Sunday, August 12, 2018

Too Hot to Handle

Another movie available from the Warner Archive that I recently watched off my DVR is Too Hot to Handle.

Clark Gable plays Chris Hunter, a newsreel photographer for the Union Newsreel Co. currently working in China, where there's a war going on because of the Japanese occupation of parts of the country. Chris hasn't been able to get any good footage of bombings in part because it's tough to be in the right place at the riht time, and in part due to the new anti-aircraft guns; all this is much to the consternation of Chris' boss Gabby (Walter Connolly). Actually it's not just Chris who isn't getting any usable footage; all the other newsreel guys (who are stationed in the same place and follow a herd mentality not unlike today) aren't getting any footage either.

Chris has an idea to create some fake news (again, not unlike today) by staging an attack with model planes and a phony crying child, but Chris' main rival Bill (Walter Pidgeon) knows about Chris' penchant for fake news. So Bill and his colleagues cook up a story about a cholera epidemic and a pilot Harding bringing in a critical supply of serum; the hope is that Chris will fall for the story. Chris shows up at the airport and gets in everybody else's way, not realizing this was their intention. And Chris' interference results in the plane running off the runway and catching fire. At this point, Chris rescues Harding and discovers that Harding is actually a woman, Alma Harding (Myrna Loy).

Chris falls in love with Alma, and through a series of subterfuges gets her to work for Union, but eventually she's going to find out about Chris' deception at which point she's going to be very pissed with him. She was only in on the fake news story back in China because she was trying to raise the money necessary to start an expedition to find her brother. Apparently, her brother was also an exploring aviator, except that he went down somewhere in the Brazilian rain forest. Everybody else thinks he's dead, but she's convinced he's alive.

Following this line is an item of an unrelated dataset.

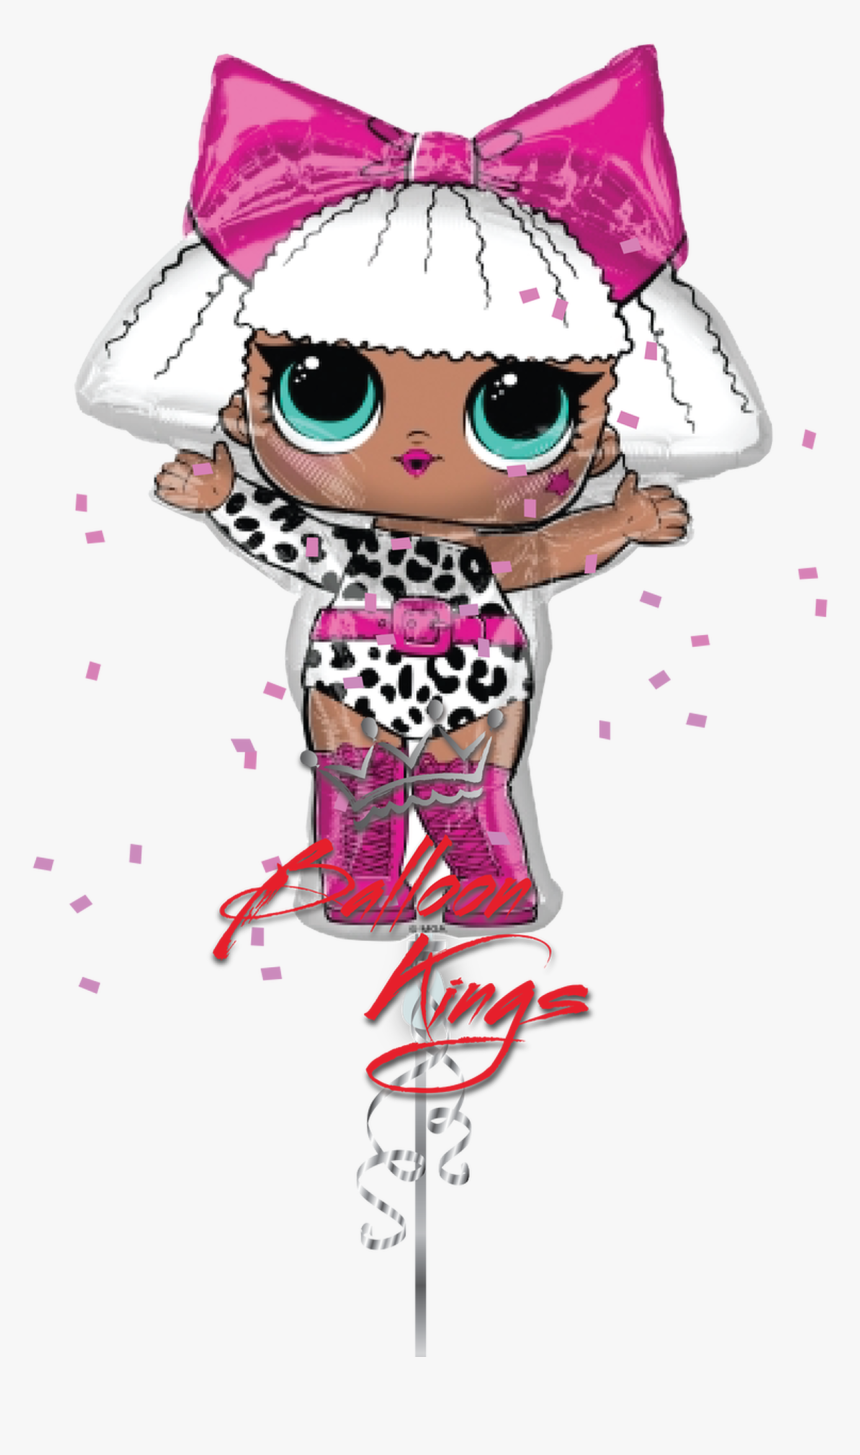 Lol Surprise Diva - Dolls Lol Surprise Characters, HD Png Download, Free Download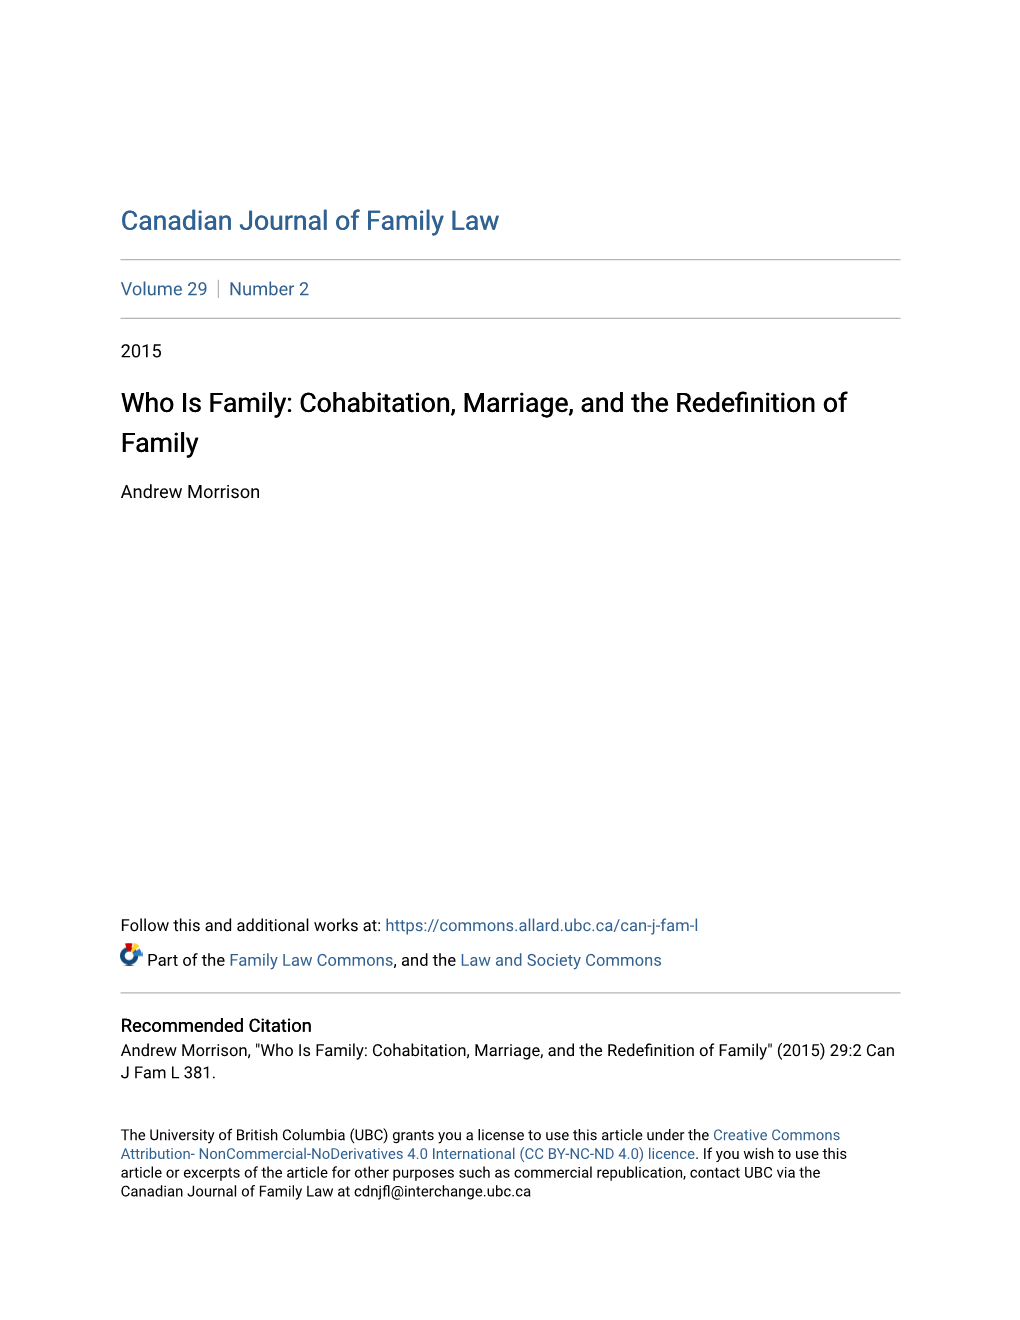 Who Is Family: Cohabitation, Marriage, and the Redefinition of Family

Chris engages in some more deception to raise the money necessary for Alma to get down to South America, mostly because he still wants her love and if he helps her find her brother he can win her back. Well, to be honest there's also the possibility of getting a great newsreel out of the story, and heaven knows Chris will do anything for a story. Now, there wouldn't be much of a climax to the movie is Alma's brother were dead, so you can assume that he's alive and that Chris is going to help Alma save her.

Too Hot to Handle is one of those MGM movies that's entertaining and competently made, but at the same time looks like it's got something wrong with it because of the studio gloss. Hollywood's portrayal of China doesn't look like China at all, and it gets South America even more wrong. The natives that captured Alma's brother practice "voodoo", and yet they speak the mix of Spanish and Portuguese that Chris' sound man Joselito (Leo Carrillo) speaks. Oh, and I thought those newsreel cameras didn't necessarily pick up sound without a real mike hooked up.

With that said, everybody does a good job with their roles, at least insofar as the script lets them. Probably best of the whole lot is Marjorie Main playing Gabby's executive secretary Miss Wayne. Connolly has to play Gabby as too much the dyspeptic; Gable starts to annoy as the smooth operator, Pidgeon has to struggle with his character being written blandly, and Myrna Loy is probably a bit too glamorous to play anybody stuck in a tiny cockpit for hours on end.

Overall, you should be aware that you're going to have to suspend disbelief to watch Too Hot to Handle. If you can do that, it's quite the entertaining little ride.